Could you set down exactly the lines of the data below, starting at the one that holds "Made by GAB" and ending at the one that holds "Stamped 'BRONS', model", both included, and only those?
#### Records for processing ####
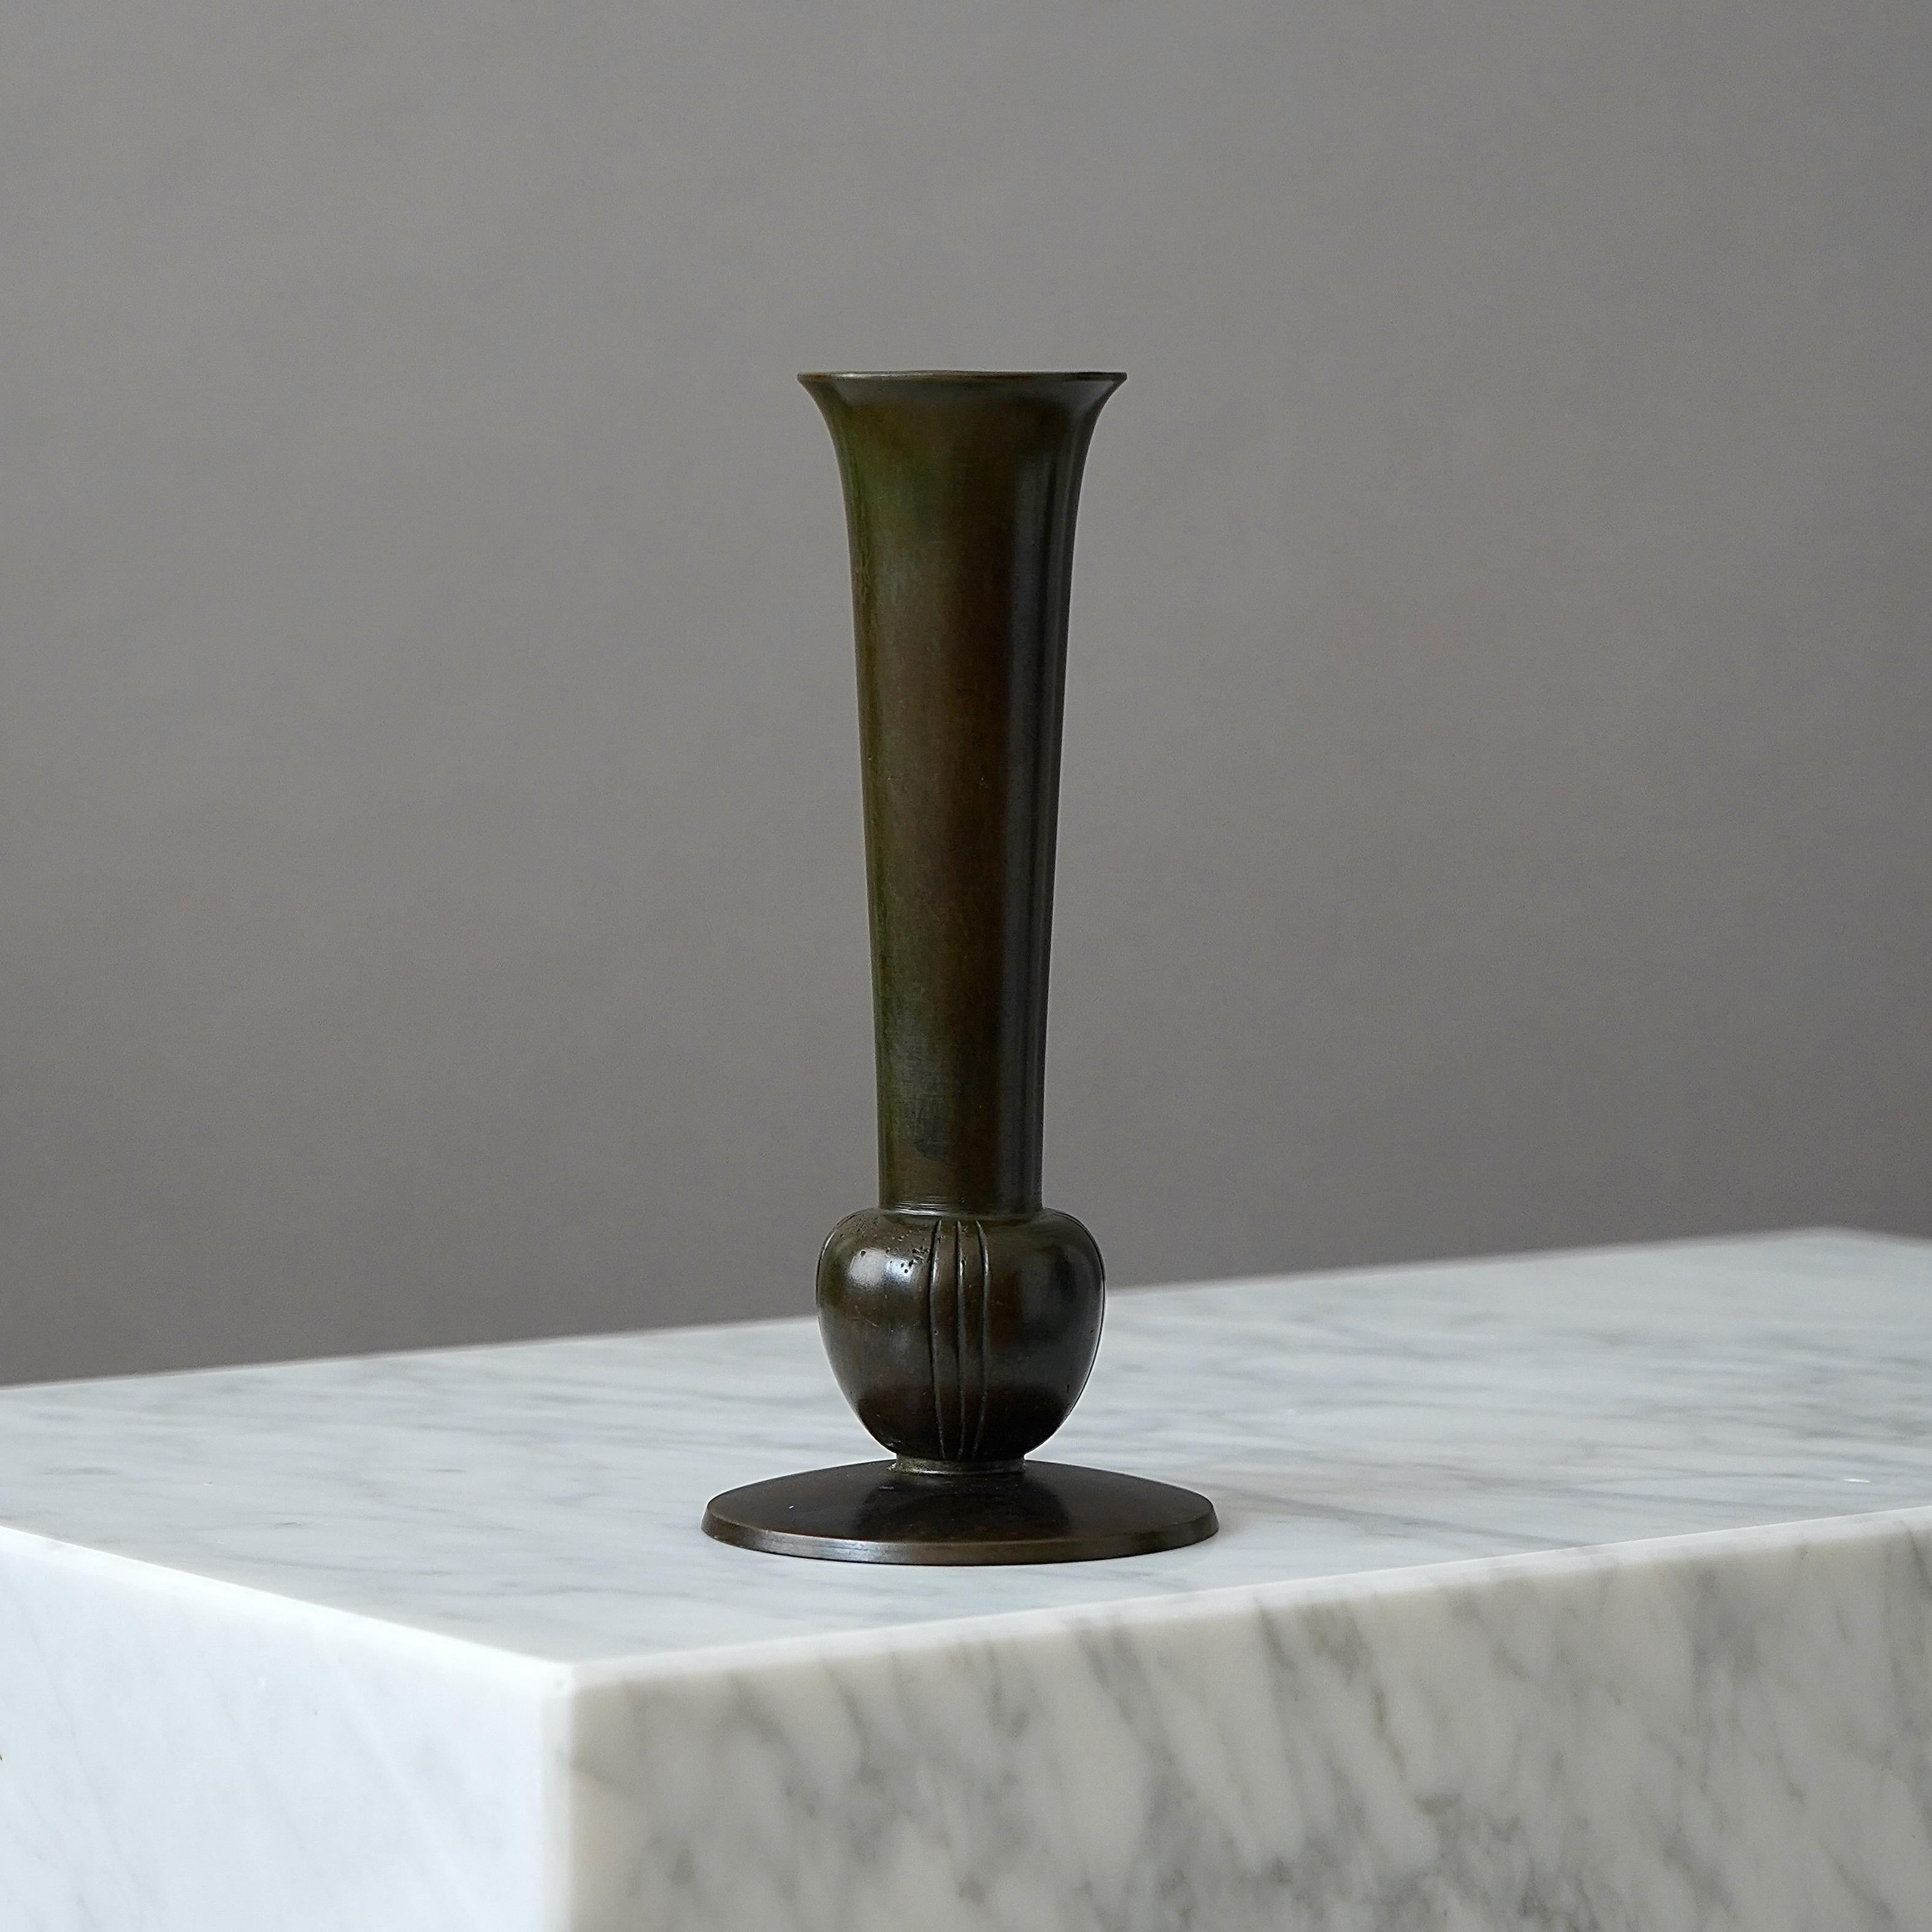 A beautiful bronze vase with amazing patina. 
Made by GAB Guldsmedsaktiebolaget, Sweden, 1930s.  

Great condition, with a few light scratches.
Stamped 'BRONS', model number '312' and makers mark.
####
#### Records for processing ####
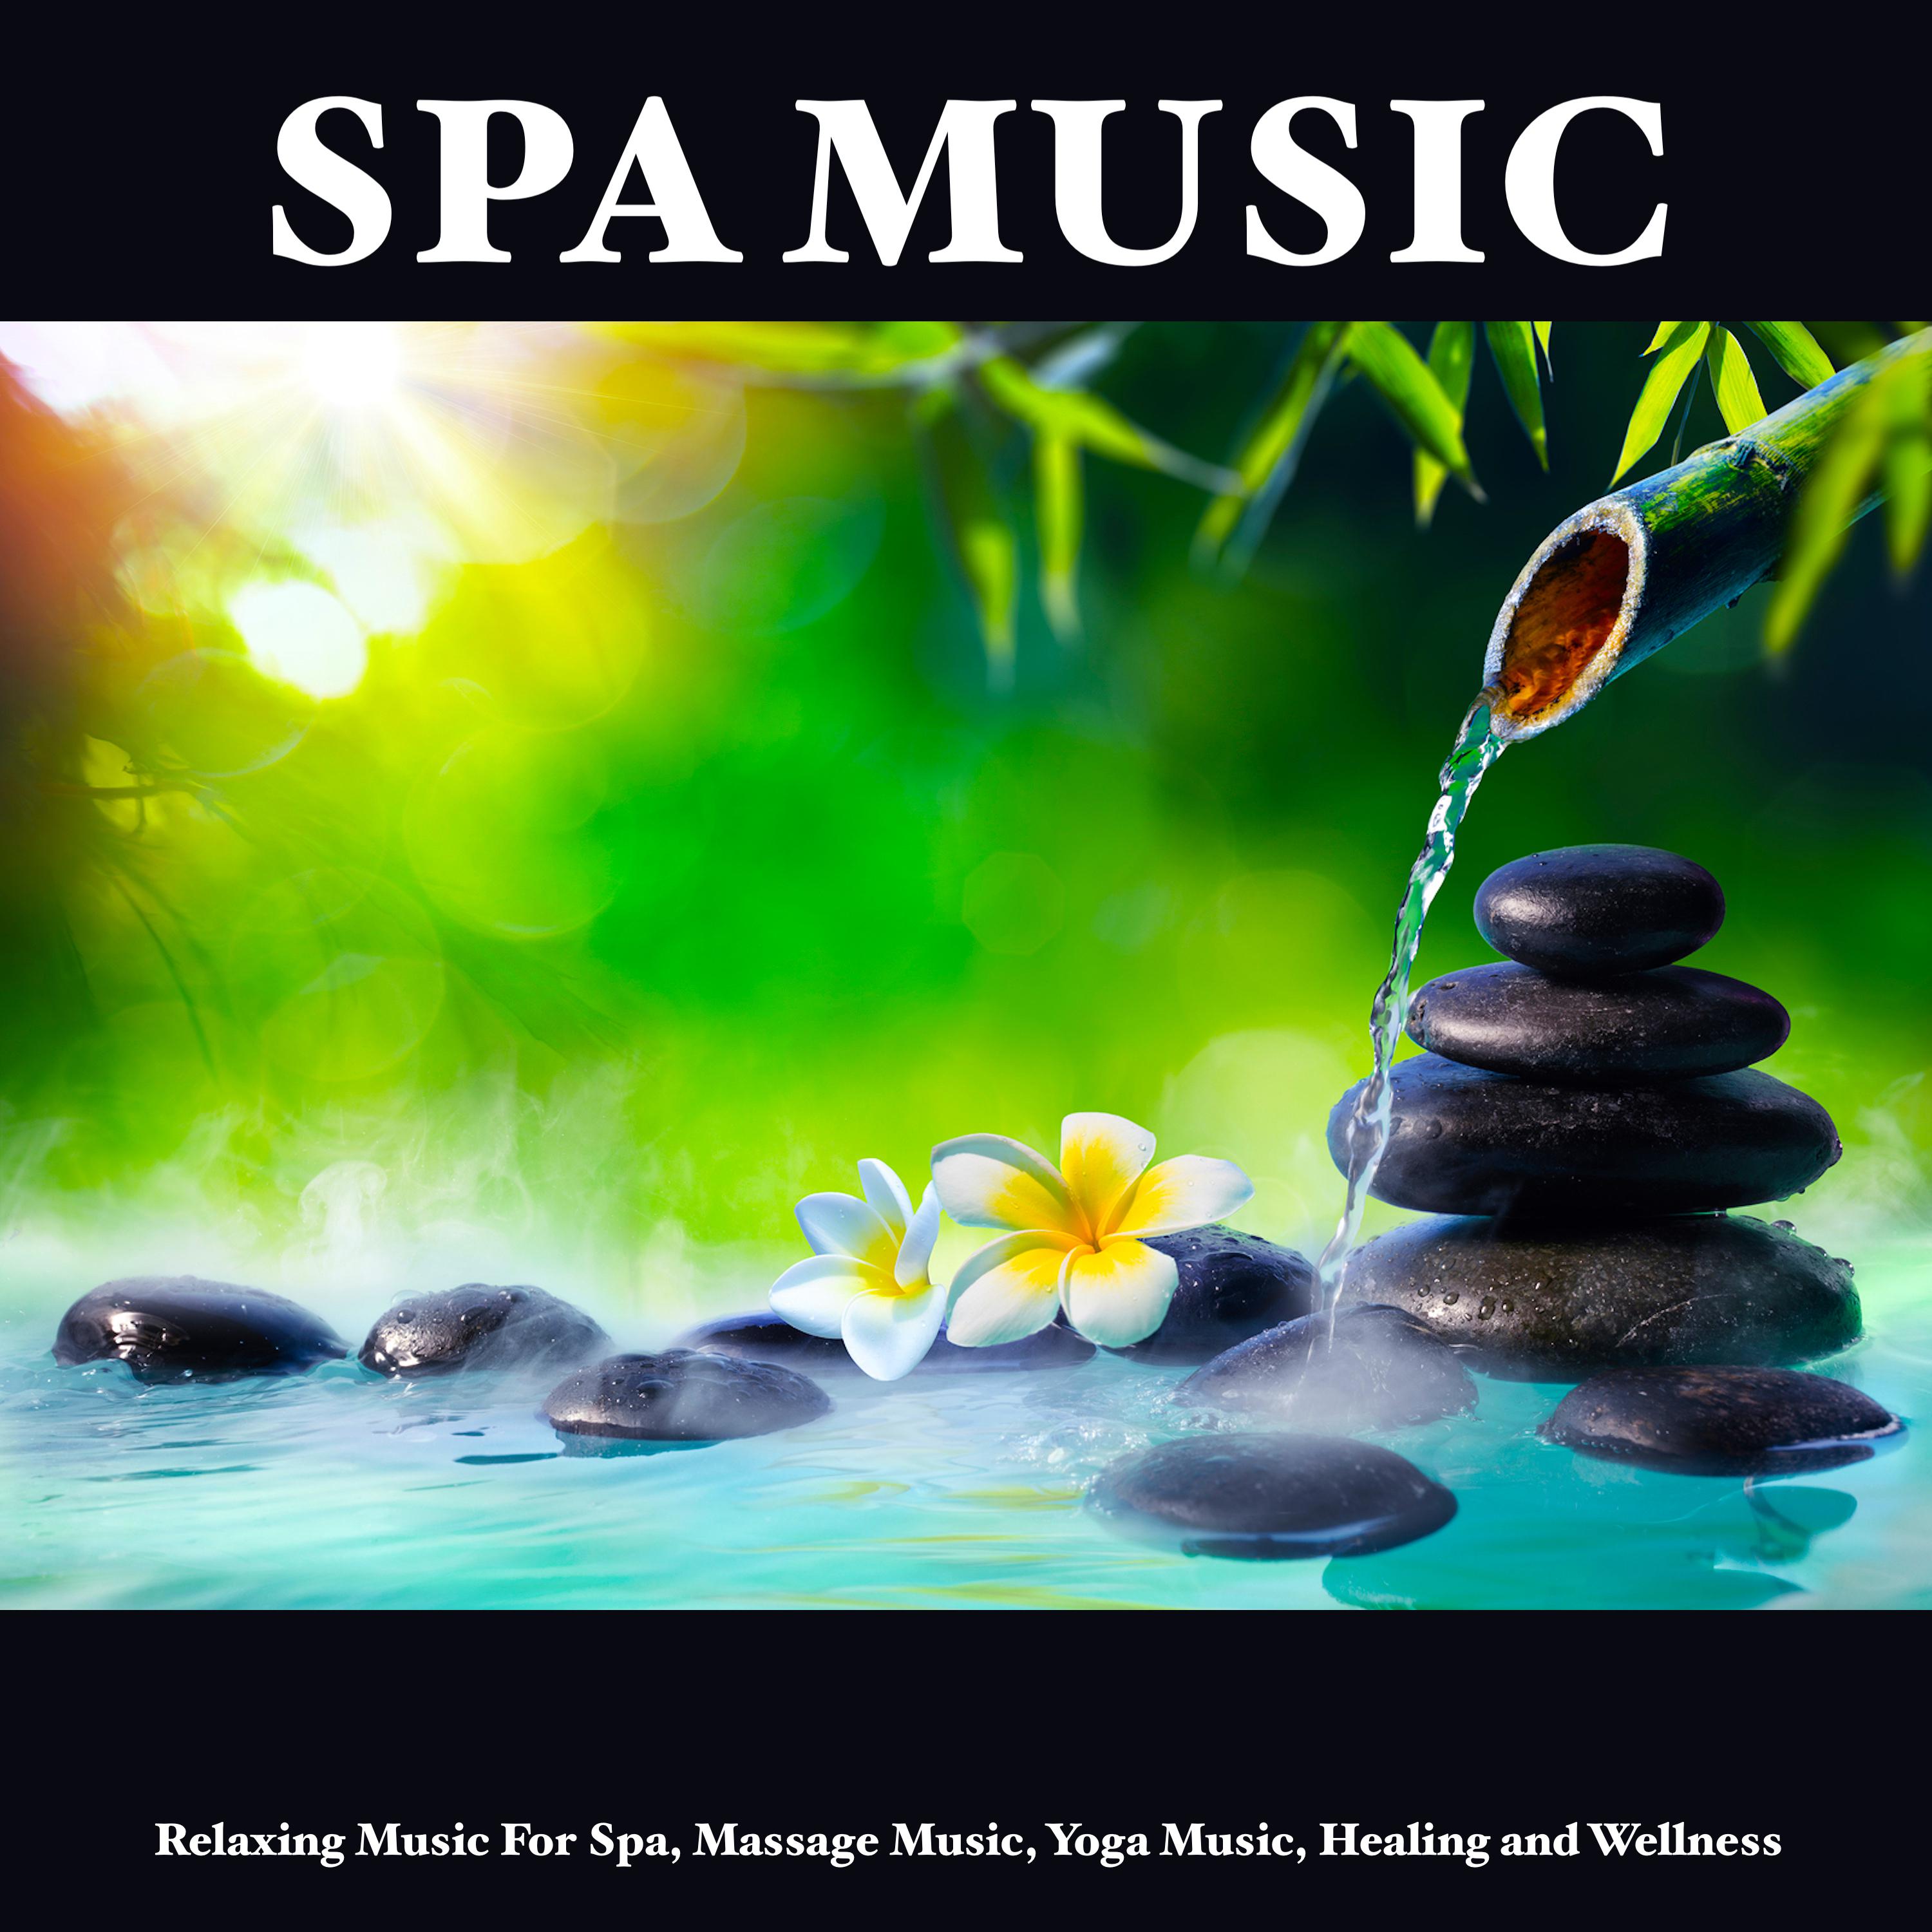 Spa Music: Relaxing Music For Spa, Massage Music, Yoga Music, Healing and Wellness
####
## Response to this exercise
Made by GAB Guldsmedsaktiebolaget, Sweden, 1930s.  

Great condition, with a few light scratches.
Stamped 'BRONS', model number '312' and makers mark.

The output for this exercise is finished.